CHARLESTON, W.Va. — DuPont agreed to a settlement Thursday that could be worth more than $340 million to resolve a class action lawsuit alleging the chemical giant contaminated water supplies in West Virginia and Ohio with a key ingredient used in its Teflon products.
A circuit judge must still approve the terms reached between DuPont and lawyers for as many as 60,000 residents who sued over exposure to the chemical C8, also known as ammonium perfluorooctanoate, or PFOA.
The settlement requires DuPont to make cash payments and expenditures of $85 million, as well as pay attorneys’ fees and expenses of $22.6 million. The agreement, which does not include any admission of liability by DuPont, also calls for chemical company to fund a $5 million study into whether C8 causes disease in humans. If a scientific panel finds such a link, DuPont would pay up to $235 million — the bulk of the potential settlement — on medical monitoring testing of residents.
“We want to make very clear that settling this lawsuit in no way implies any admission of liability on DuPont’s part,” said Stacey Mobley, DuPont general counsel. “Nevertheless, a settlement at this time provides benefit to both parties by taking reasonable steps based on science and, at the same time, contributing to the community.”

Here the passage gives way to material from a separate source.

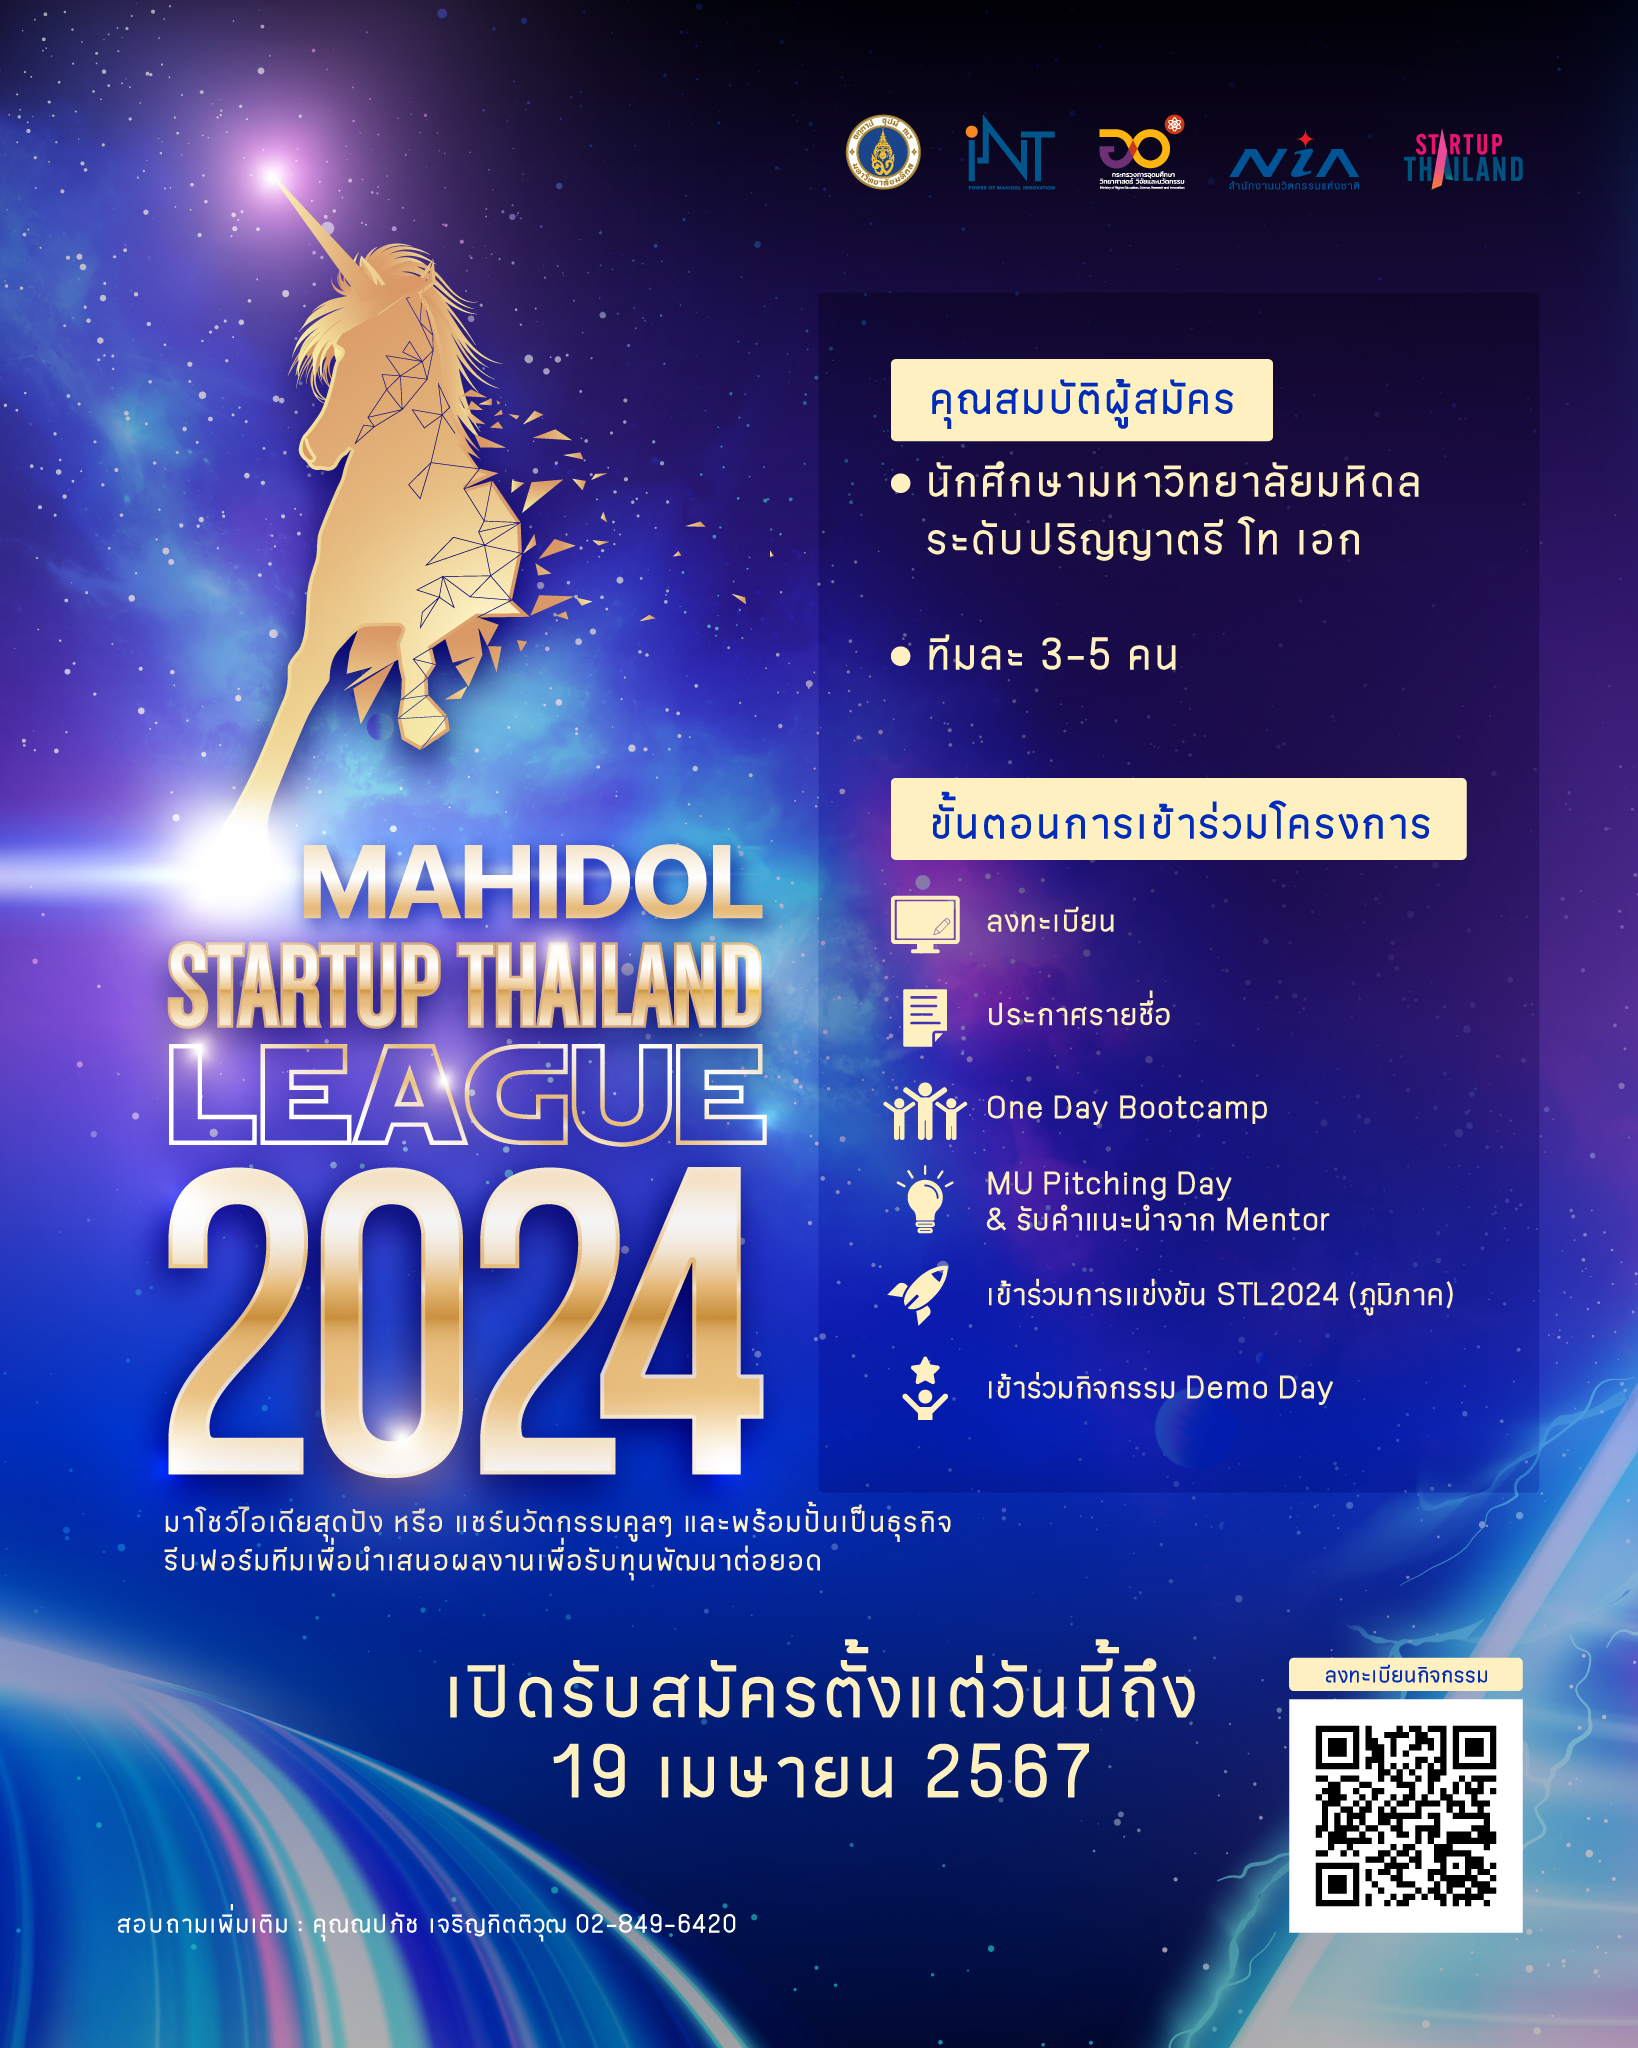 สถาบันบริหารจัดการเทคโนโลยีและนวัตกรรม (iNT) ขอเชิญชวนนักศึกษาปริญญาตรี-เอก ที่มีไอเดียสร้างสรรค์ และสนใจการเป็นผู้ประกอบการ เข้าร่วมแข่งขันบนเส้นทาง Startup ไปกับเรา ในโครงการ “Mahidol Startup Thailand League 2024” พร้อมชิงเงินทุนในการนำไปพัฒนาต่อยอดผลงาน

Harry Detzler, one of the lawyers for the residents, agreed.
“We strongly believe that this settlement is in the best interests of the class,” he said. “Had it been litigated, we wouldn’t be at this point for another two years.”
The proposed settlement follows a July report by the U.S. Environmental Protection Agency alleging DuPont of failing to properly report the discovery of C8, in drinking water near the company’s Washington Works facility near Parkersburg, which is near the Ohio border. DuPont is challenging those findings.
In afternoon trading Thursday, DuPont shares were up 15 cents at $42.91 on the New York Stock Exchange.